Message non lupar Xavi » lun. 18 mai 2015, 16:43

dans la Genèse il est dit que Adam et Eve se sont sentis gênés face à leur nudité suite au péché d'Adam.
Suite à cela, toujours selon la Bible, l'homme et la femme ne pouvaient plus se voir sans éprouver une quelconque forme d'attirance physique (si le corps nous plait) ou de jugement (si le corps nous déplait)
la chute a fait que le regard de l'Homme sur l'Autre ou sur lui-même a changé, et de ce fait, il est devenu quasi-impossible de rester en nu à nu sans pécher, de quelque manière que ce soit
En effet, si le corps humain est sorti nu des mains de Dieu, de sorte que de ce point de vue la nudité, de soi, est bonne, il s'est passé entre temps un épisode nommé "péché originel", en conséquence de quoi l'humanité entière, même revigorée par le bain du baptême, reste soumise - hélas - à la triple concupiscence héritée d'Adam, en conséquence de quoi la nudité devient, par accident, un puissant vecteur de concupiscence.

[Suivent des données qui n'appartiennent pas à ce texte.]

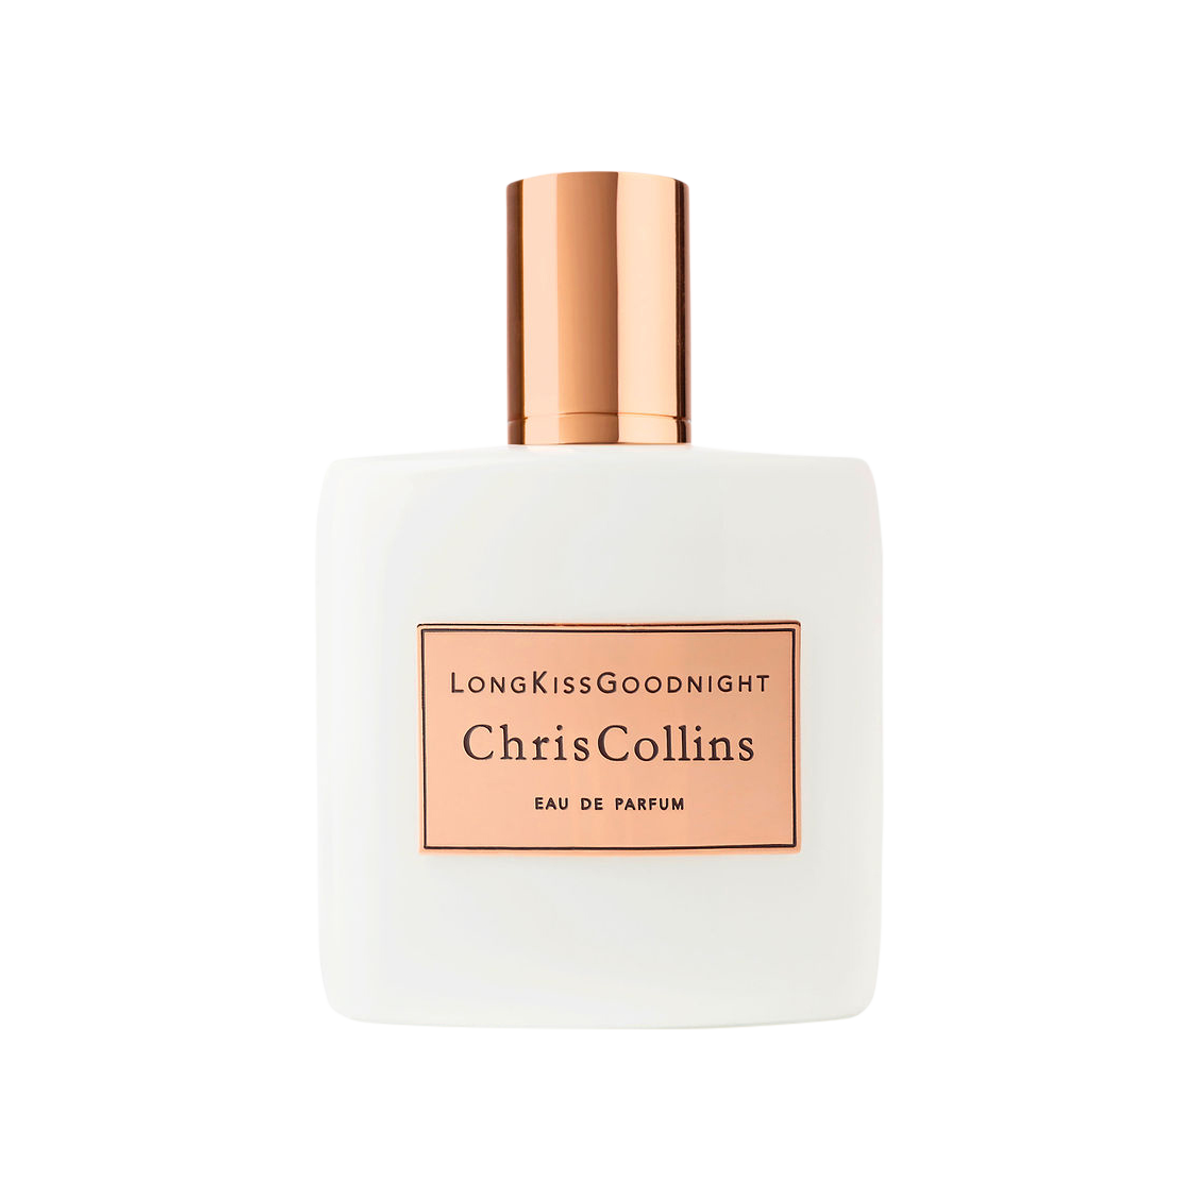 Chris Collins - Long Kiss Goodnight Eau de Parfum
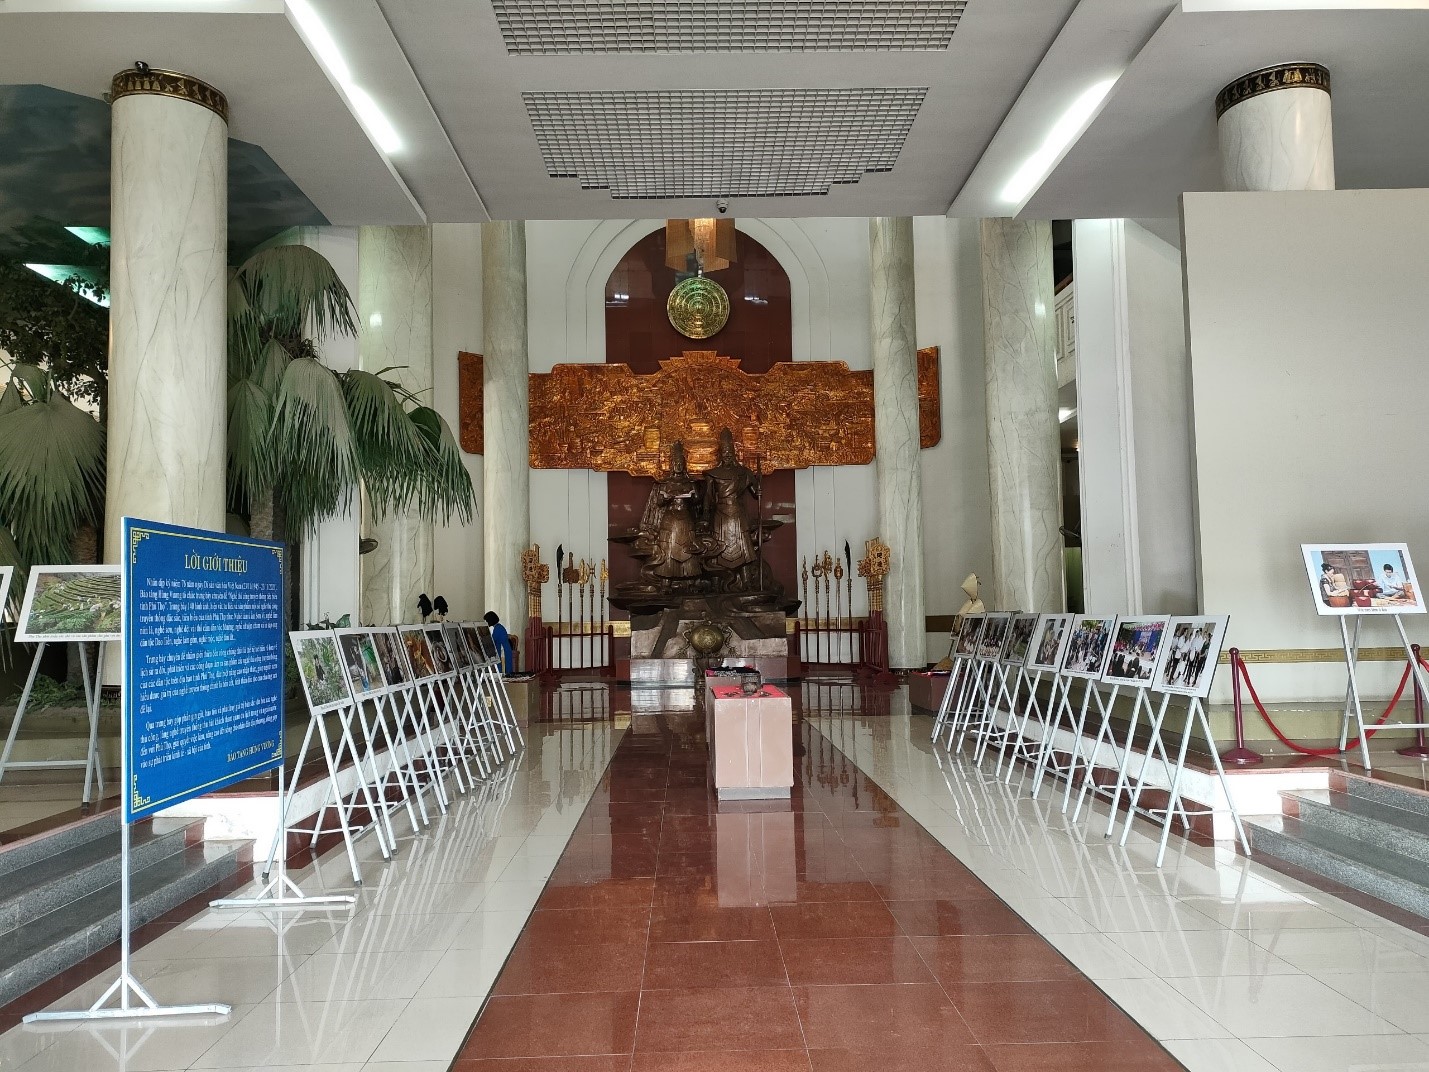 Bảo tàng Hùng Vương trưng bày chuyên đề “Nghề thủ công truyền thống tiêu biểu tỉnh Phú Thọ” nhân dịp kỷ niệm ngày Di sản văn hóa Việt Nam 23/11

Nous voyons d'ailleurs dans le midrash du texte biblique, au livre de la Génèse, que c'est suite au péché d'Adam, donc suite à la concupiscence corollaire de ce péché originel, qu'Adam se vêt, pour couvrir sa nudité désormais honteuse parce qu'alimentant le désordre des appétits, désordre (concupiscence) qui procède du péché et qui mène au péché.
Attention de ne pas glisser d’un rejet du naturisme à une perception dévalorisante du corps et de la sexualité qui peut s’écarter de la révélation de la Genèse.

Il me semble que rien dans le récit de l’Ecriture ne permet de considérer que l’attirance physique aurait été modifiée du fait du péché originel ou qu’il serait devenu impossible de voir un nu sans pécher ou que la nudité alimenterait désormais un désordre des appétits par elle-même.

Hélas, après la rupture de la communion avec Dieu, tout désormais dans la création (la nudité comme le vêtement) peut alimenter le péché, parce que le péché n’est pas dans telle ou telle créature mais dans l’homme lui-même.

Il n’est certes plus possible de rester nu à nu sans pécher, comme l’écrit El Padrecito, mais, hélas, les vêtements ne mettent pas davantage les humains à l’abri du péché.

Le sujet est délicat, car un sentiment de pudeur peut freiner d’emblée toute méditation sur la nudité et on frôle des valeurs essentielles.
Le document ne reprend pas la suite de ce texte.